Leave every image behind and restate the data word for word.
[INFORMATION PROVIDED — start]
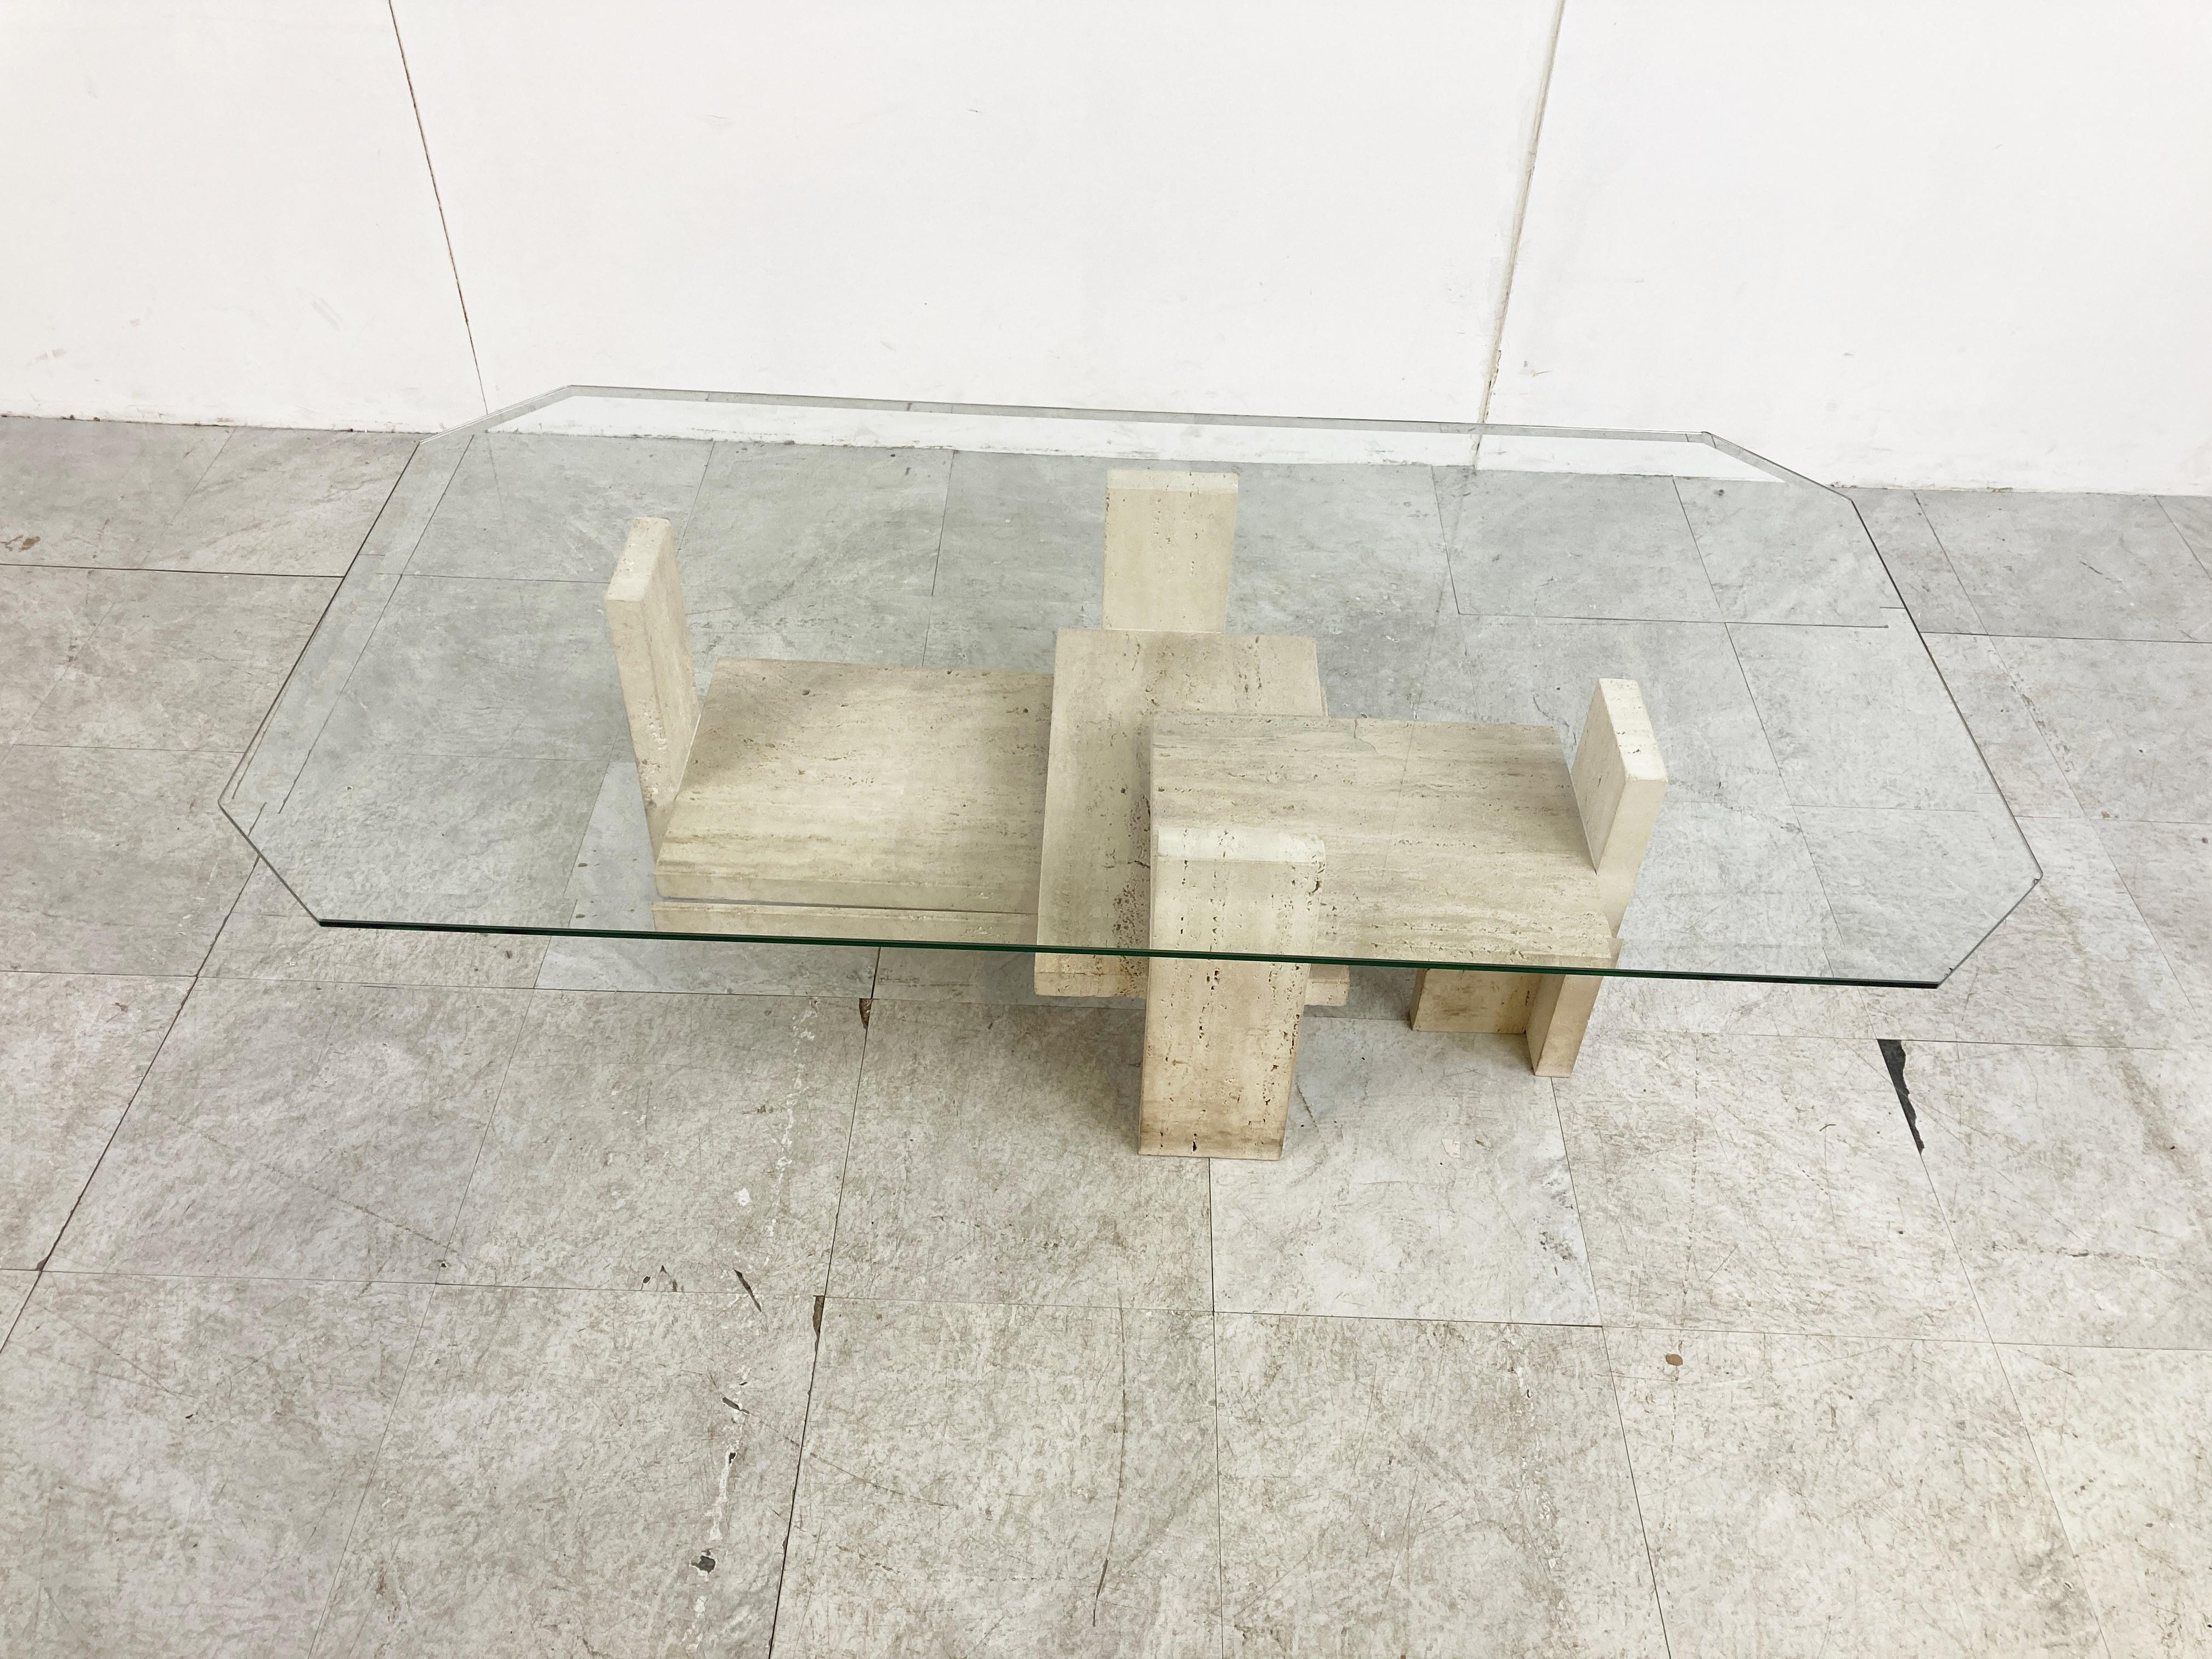 Architectural coffee table made from a solid travertine base. 

The table was designed by Willy Ballez.

All these tables are handmade, so they are always a bit different.

The modern look/design mixes well with nowadays interiors, especially
[INFORMATION PROVIDED — finish]
* **OUTPUT**
 Architectural coffee table made from a solid travertine base. 

The table was designed by Willy Ballez.

All these tables are handmade, so they are always a bit different.

The modern look/design mixes well with nowadays interiors, especially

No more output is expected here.